The announcement of the National Digital Communications Policy (NDCP) was a major milestone. It laid the groundwork for 5G and other emerging technologies. The policy includes numerous provisions for infrastructure providers (IPs) aimed at extending the incentives and exemptions for the construction of telecom towers, fiberising 75-80 per cent towers, increasing the scope of IP-1s, setting up a national fibre authority and scaling up the deployment of satcom services. The policy also proposes to allow active infrastructure sharing, which would lead to cost savings, besides opening up new opportunities. Another key development was the inclusion of IP-1s under the purview of the Right of Way Rules, 2016, through a memorandum dated May 22, 2018.

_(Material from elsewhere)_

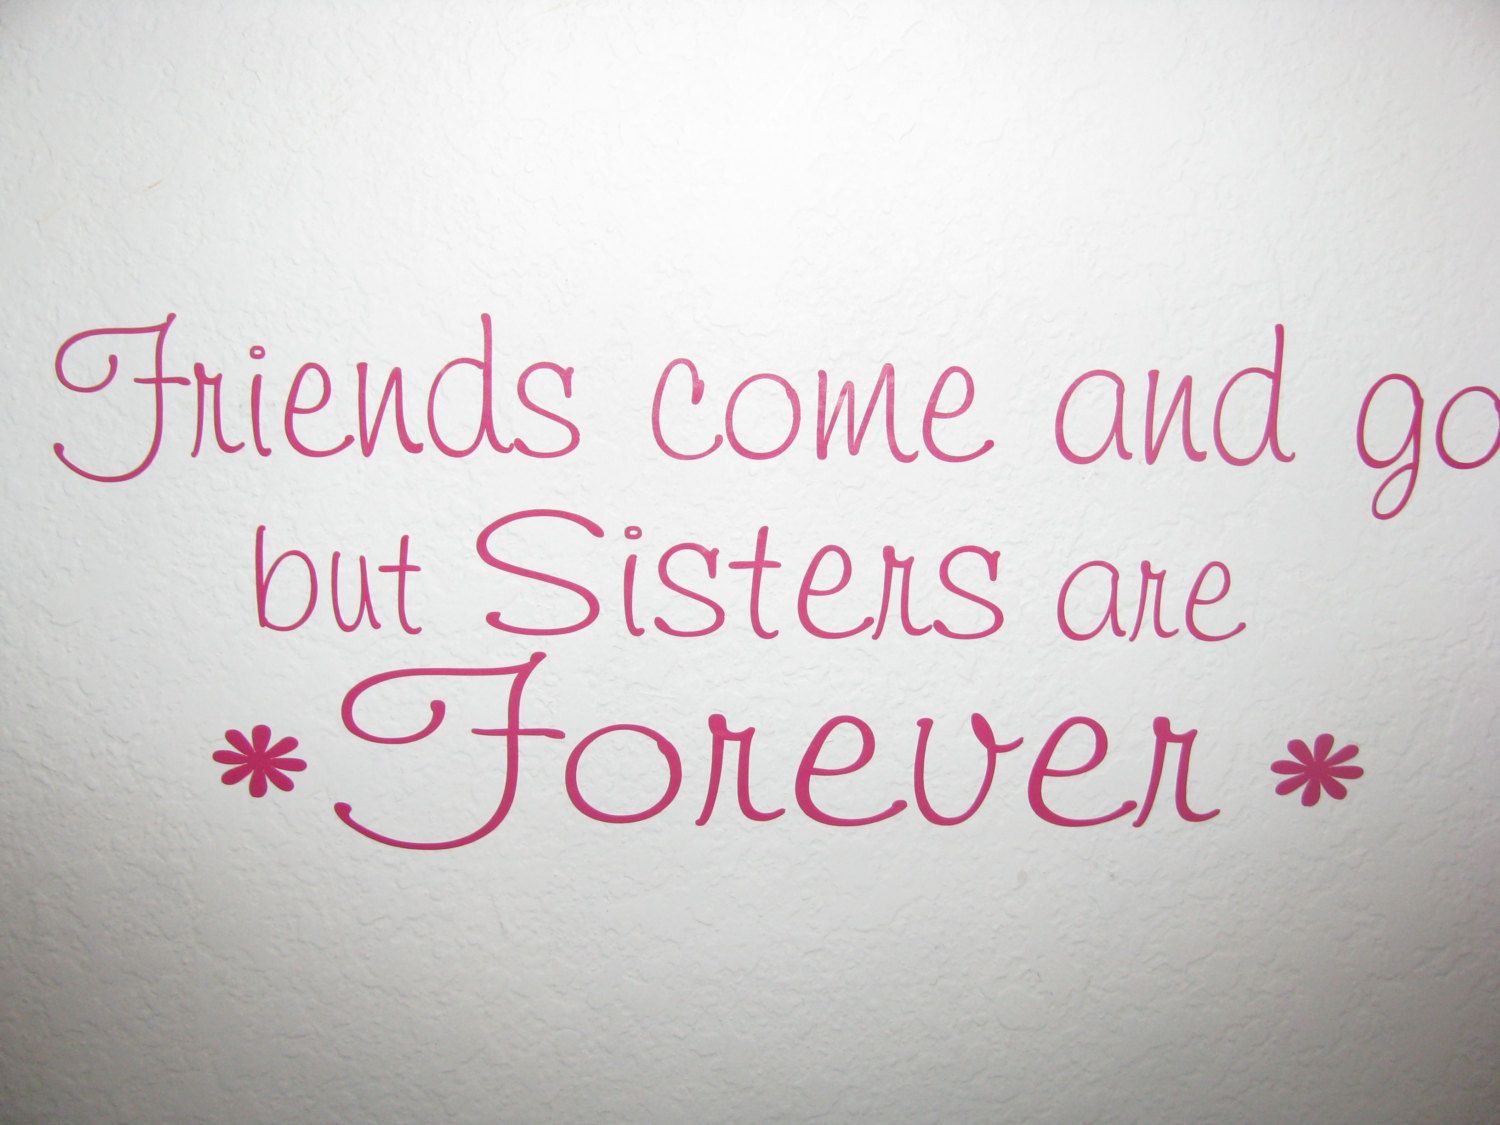 sister wallpapers quotes

On the regulatory front, the Telecom Regulatory Authority of India released recommendations for telecom service providers to gain access to in-building facilities on reasonable terms. This would ease the deployment of in-building infrastructure.

Further, the year marked the beginning of consolidation in the infrastructure space with two leading towercos, Bharti Infratel and Indus Towers, announcing their merger. In addition, progress under the government’s Digital India initiative and the Smart Cities Mission presented several opportunities for telecom infrastructure players. tele.net takes stock of the key developments in the telecom infrastructure space during 2018 and the way forward for the segment...

Surge in tower deployments

There was a surge in the deployment of telecom towers in 2018. The industry installed 40,000 new mobile towers during the year as per the Tower and Infrastructure Providers Association. It also reached a milestone with the installation of 0.5 million mobile towers and 2 million base transceiver stations in November 2018, according to the Cellular Operators Association of India.

The massive data demand and the need for ubiquitous connectivity prompted towercos and telecom operators to ramp up their investment in infrastructure expansion. In a recent development, Reliance Jio Infocomm Limited, American Tower Corporation (ATC) and Bharti Infratel placed orders with a Kolkata-based company, Skipper Limited, for installing and upgrading 2,500 telecom towers. The bulk of these orders entailed the installation of towers in eastern India.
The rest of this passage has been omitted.